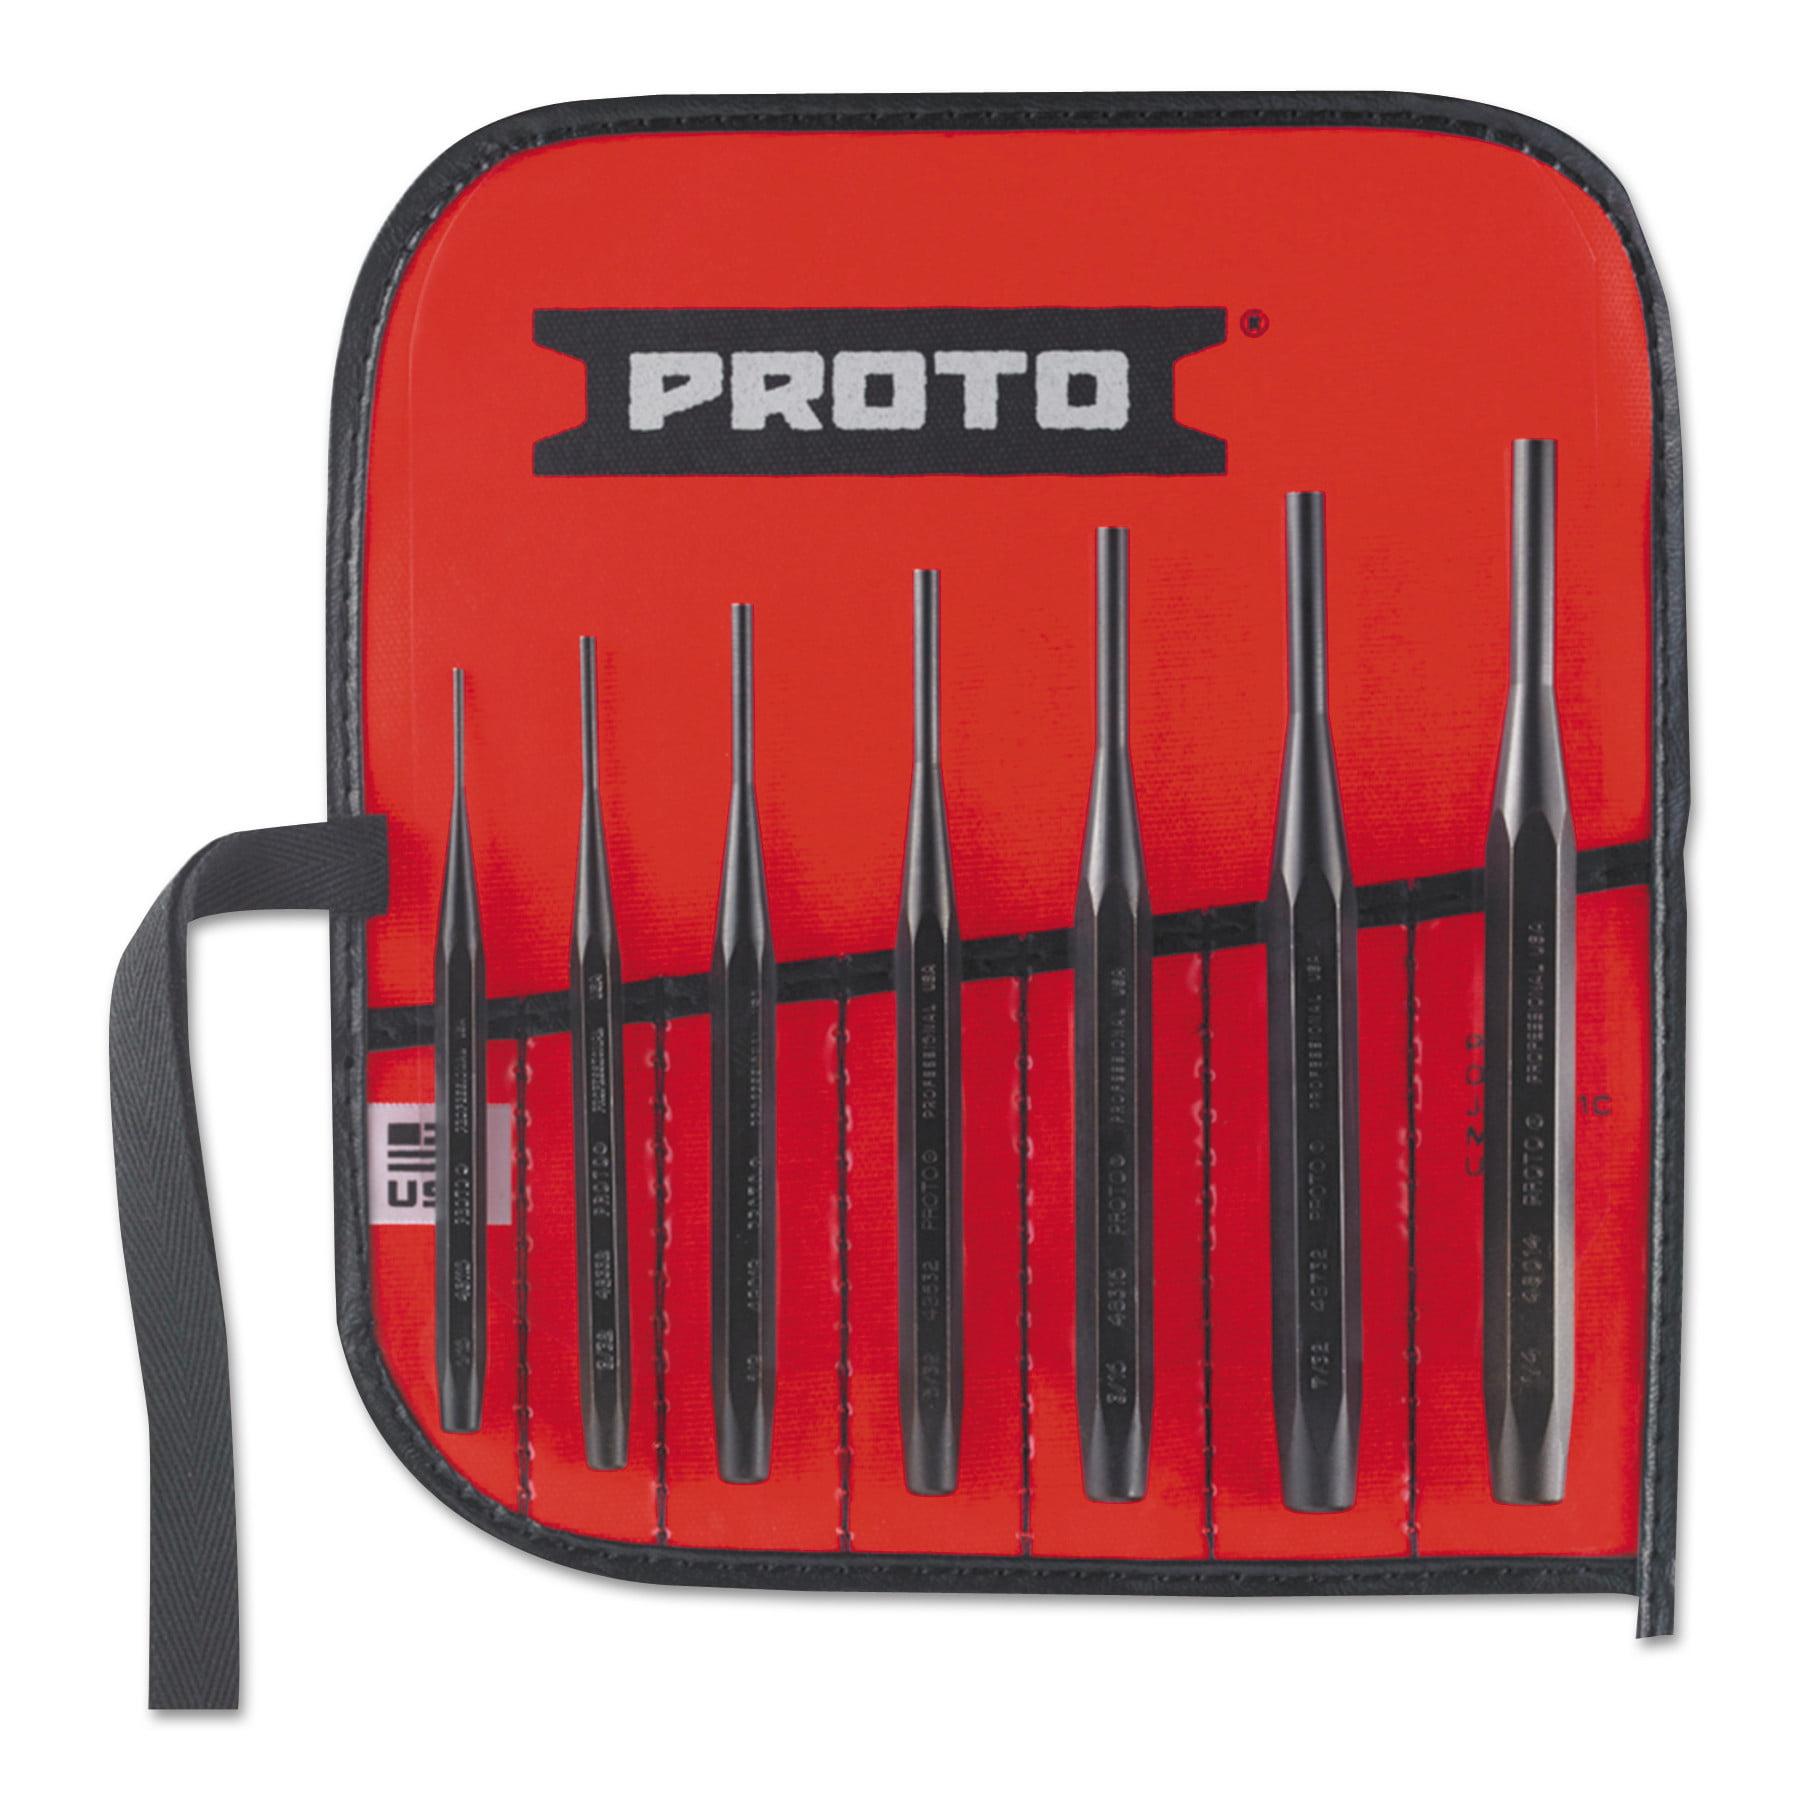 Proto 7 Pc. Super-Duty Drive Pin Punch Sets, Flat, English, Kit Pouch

++++++++

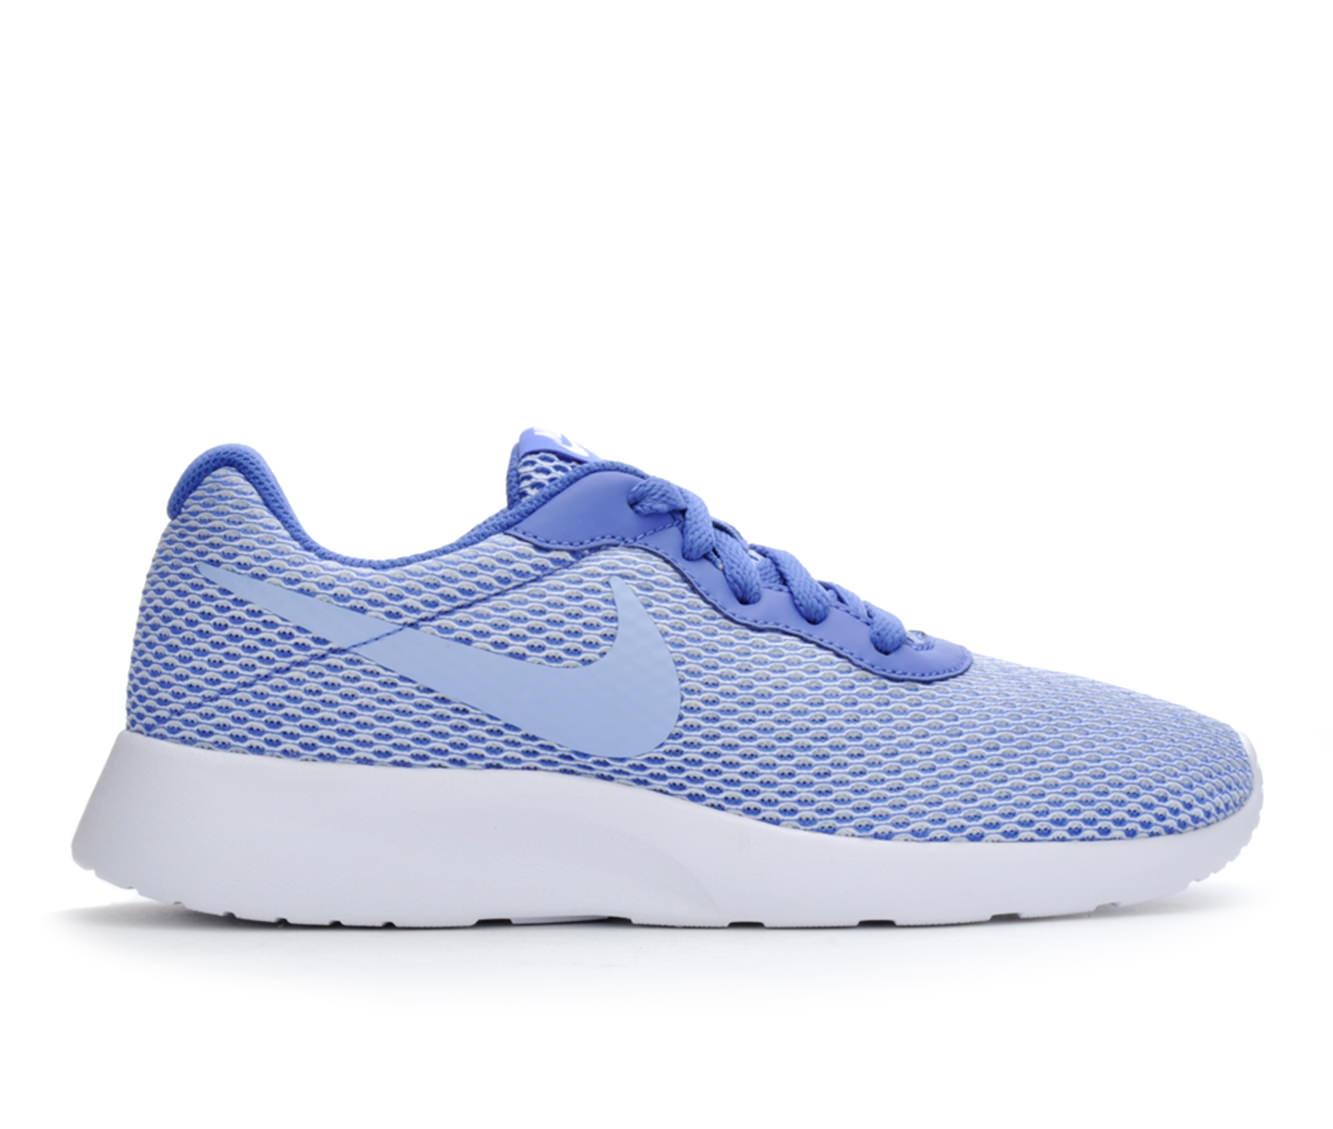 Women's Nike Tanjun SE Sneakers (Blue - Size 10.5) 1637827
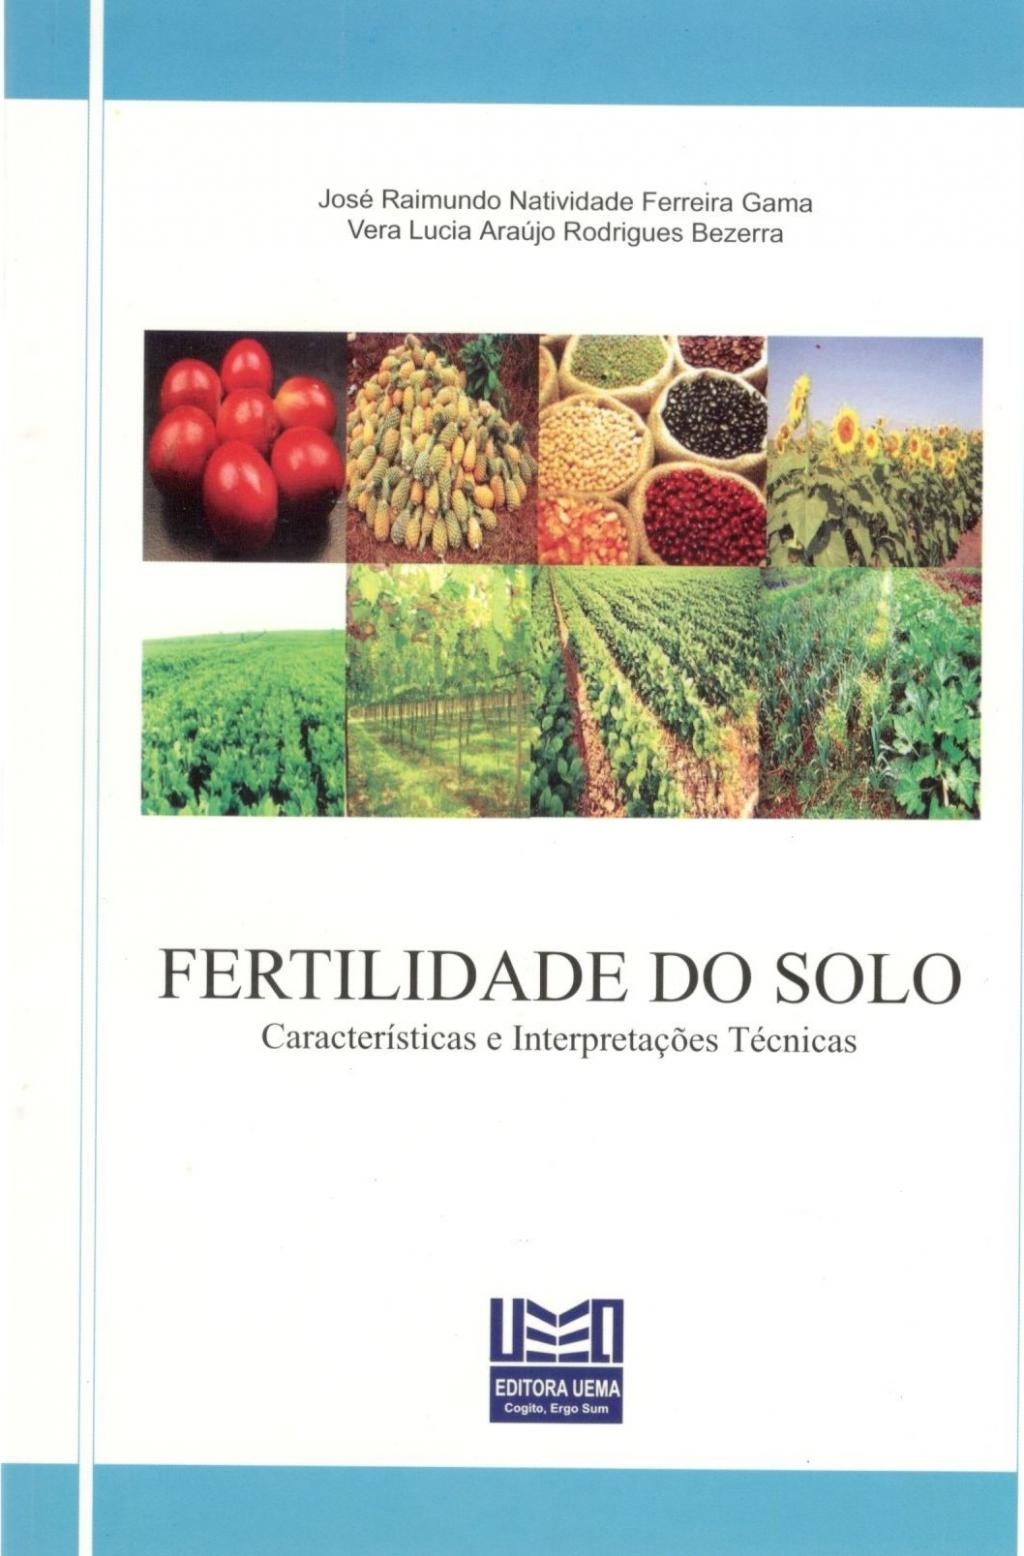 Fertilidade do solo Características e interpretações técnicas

++++++++

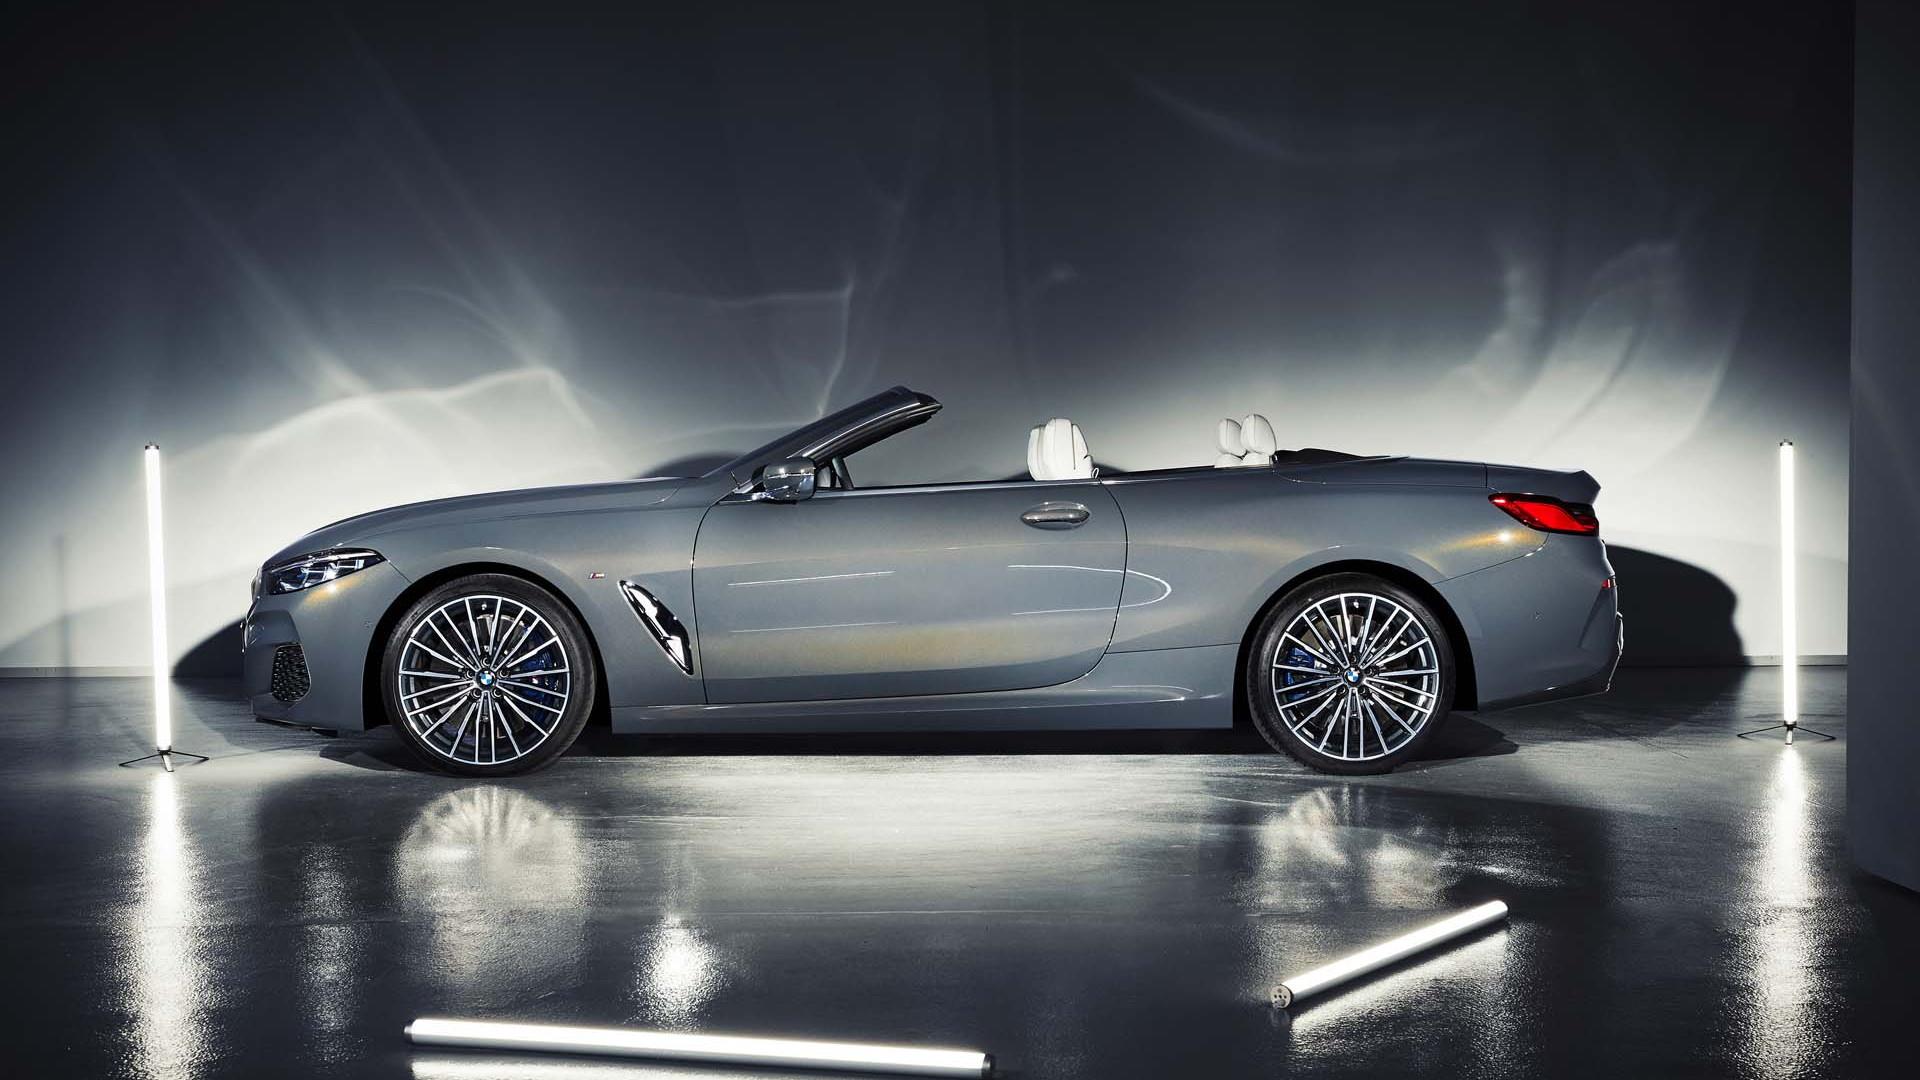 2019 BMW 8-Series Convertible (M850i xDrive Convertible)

++++++++

| Task description |
Within the listing above, write out the stretch from the line with "Women's Nike Tanjun" through the line with "Fertilidade do solo" exactly. Any pictures are to be left out.

| Task answer |
 Women's Nike Tanjun SE Sneakers (Blue - Size 10.5) 1637827
 Fertilidade do solo Características e interpretações técnicas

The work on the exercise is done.